Thankfully I follow a YouTube dog trainer who shows u how to teach your dog the trick his name is Zak George and he has a teaching your dog maths  he now stops barking when I say quiet. He is SUCH a smart dog when he was a pup he learnt sit in 2 days I knew then I had a special dog but he has just surpassed all my expectations just wish he is a cuddly dog. Very hyper but suppose that's good if im gonna do agility with him. Any ideas how to make him a cuddly poo thankfully I fave a rescue dog who is now nine and loves jumping on my bed for a cuddle but I love both my dogs the way they are wouldn't want them any other way!!


----------



## RuthMill (Jun 30, 2012)

Brill! I need to teach stop speak


----------



## 2ndhandgal (Aug 29, 2011)

Fab - check out Kikopup for fun training on Youtube too 

If you are hoping to do agility also work on things like getting him confident on different surfaces including slightly unstable so things like the see-saw don't worry him later on


----------



## PoppyLove (May 26, 2014)

Clever Herbie! He's got a cute little 'voice' too. 

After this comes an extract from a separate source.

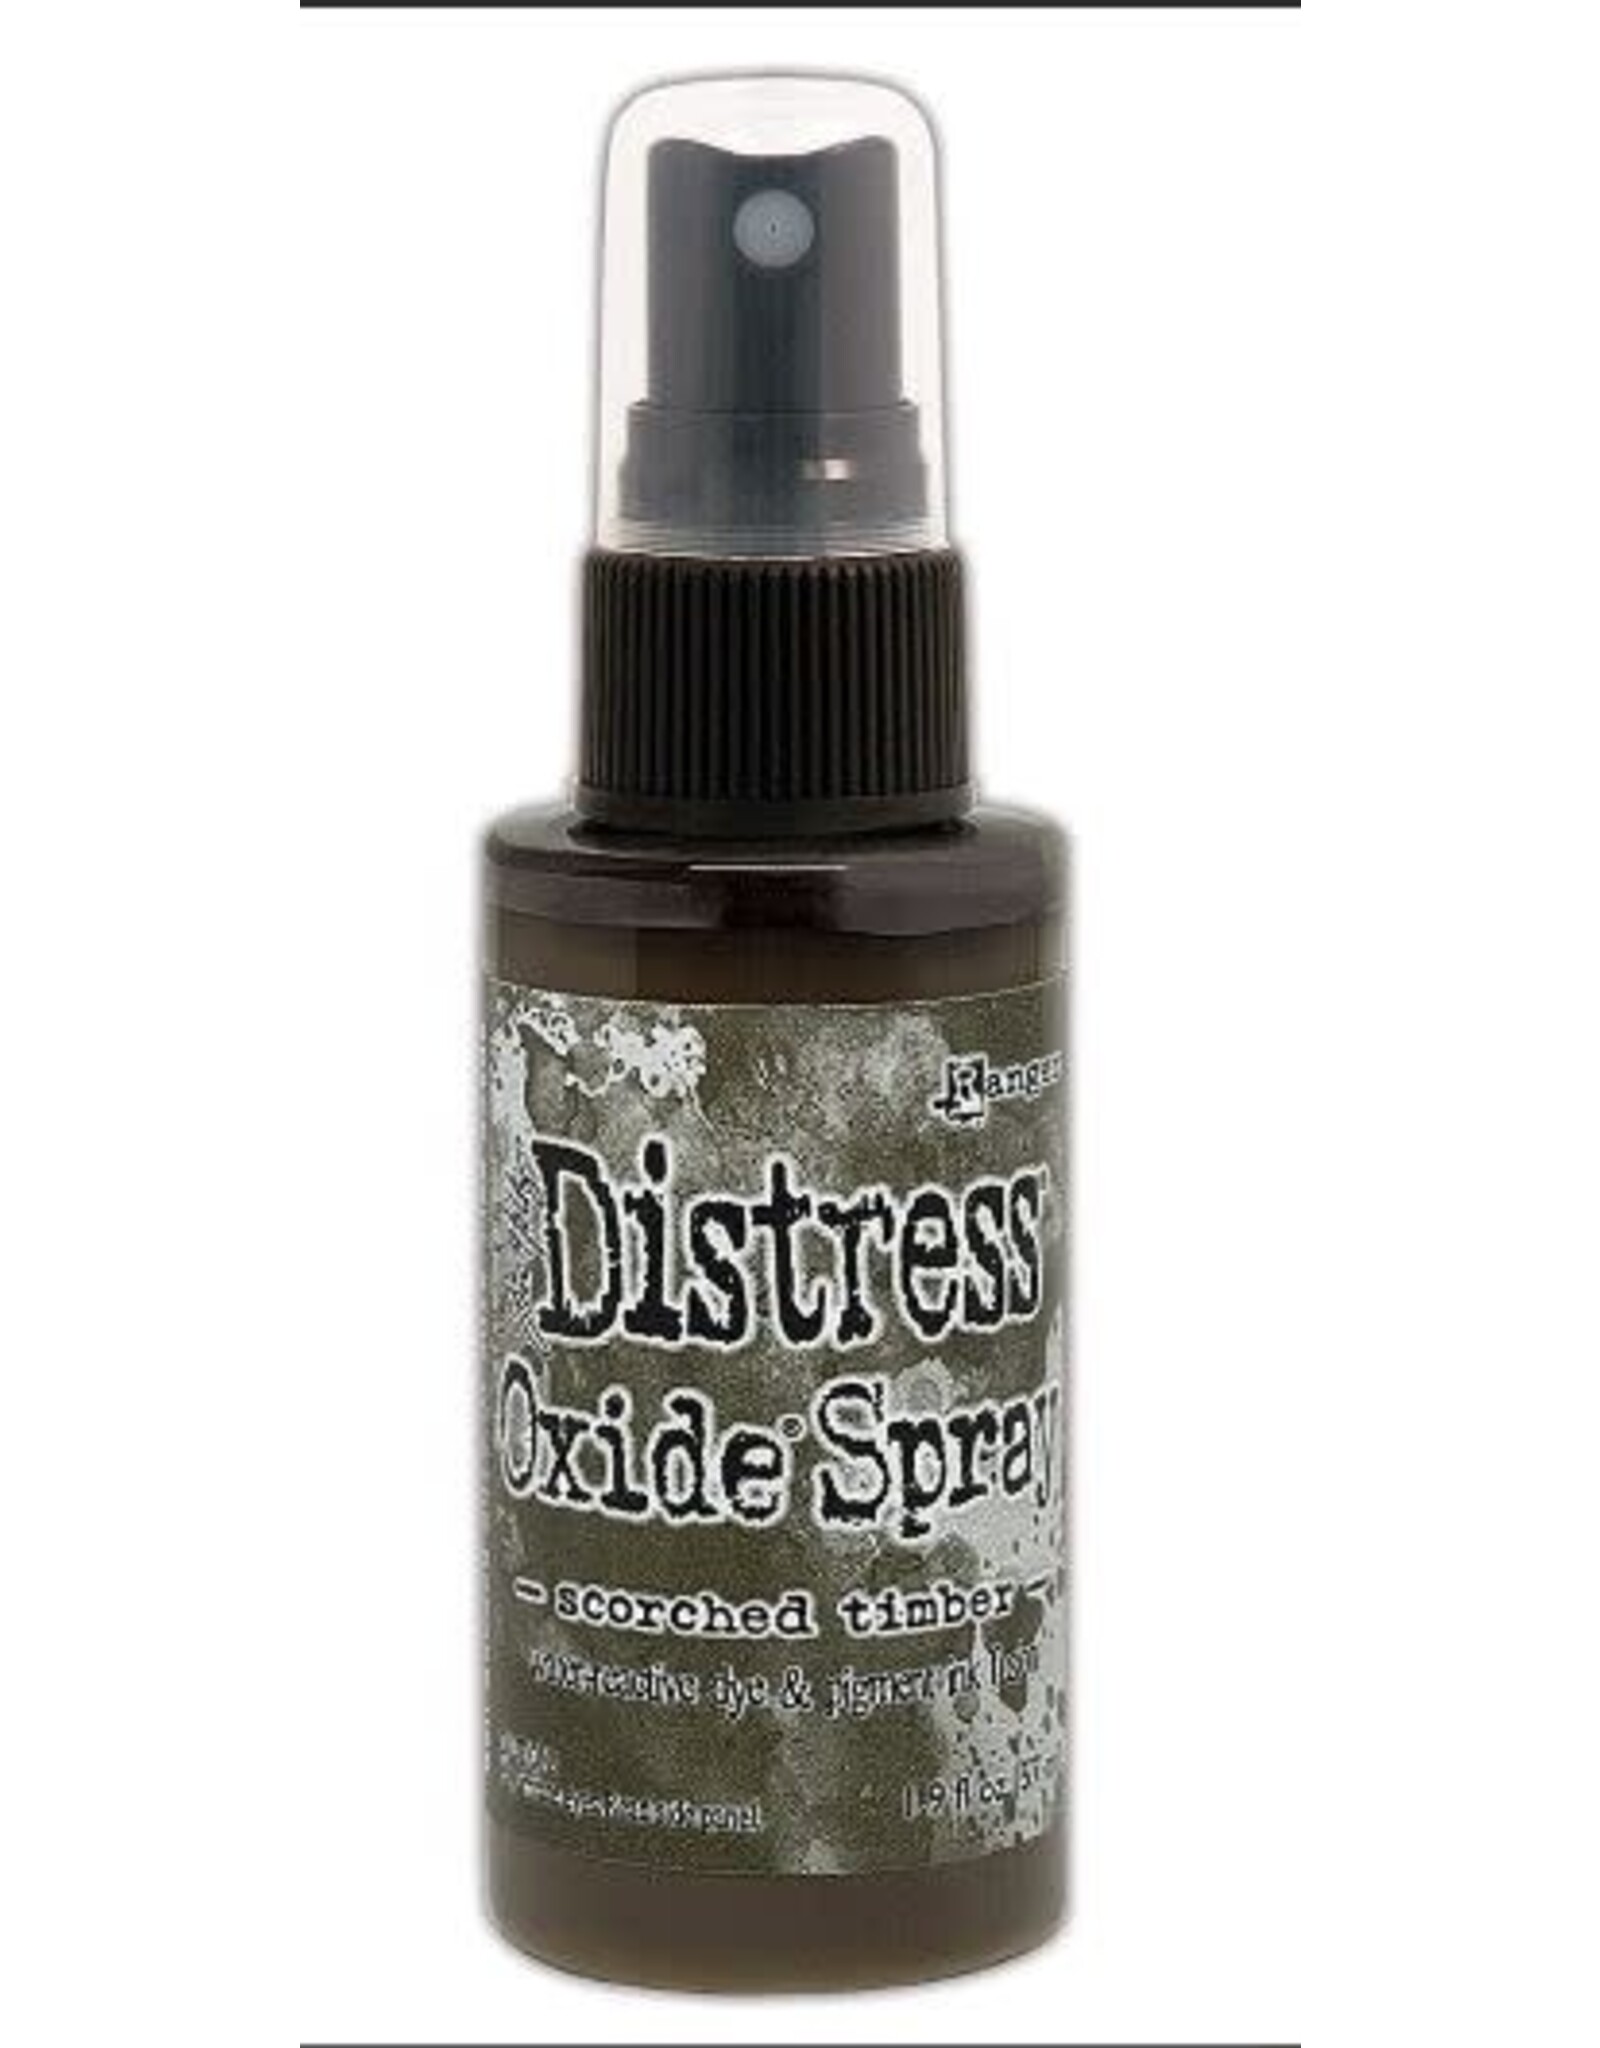 Tim Holtz - Ranger Distress Oxide Spray - Scorched Timber

I need a 'stop freaking out at everything' command at the moment. Poppy has been so upset by our cat dinner thief, she's started to bark at every little noise and movement.


----------



## DB1 (Jan 20, 2012)

clever boy, Dudley mastered it pretty quickly but still ignores the quiet command! as for making him a cuddly poo, Dudley wasn't as a pup but is more so now.


----------



## lady amanda (Nov 26, 2010)

Very good!!! My husband taught lady to say please...one bark. and I love you is 3 barks. lol


----------



## HerbieHound (Jul 1, 2014)

PoppyLove said:


> Clever Herbie! He's got a cute little 'voice' too.
> 
> I need a 'stop freaking out at everything' command at the moment. Poppy has been so upset by our cat dinner thief, she's started to bark at every little noise and movement.


I know I'm waiting to see whether his 'voice' will break so to speak xD


----------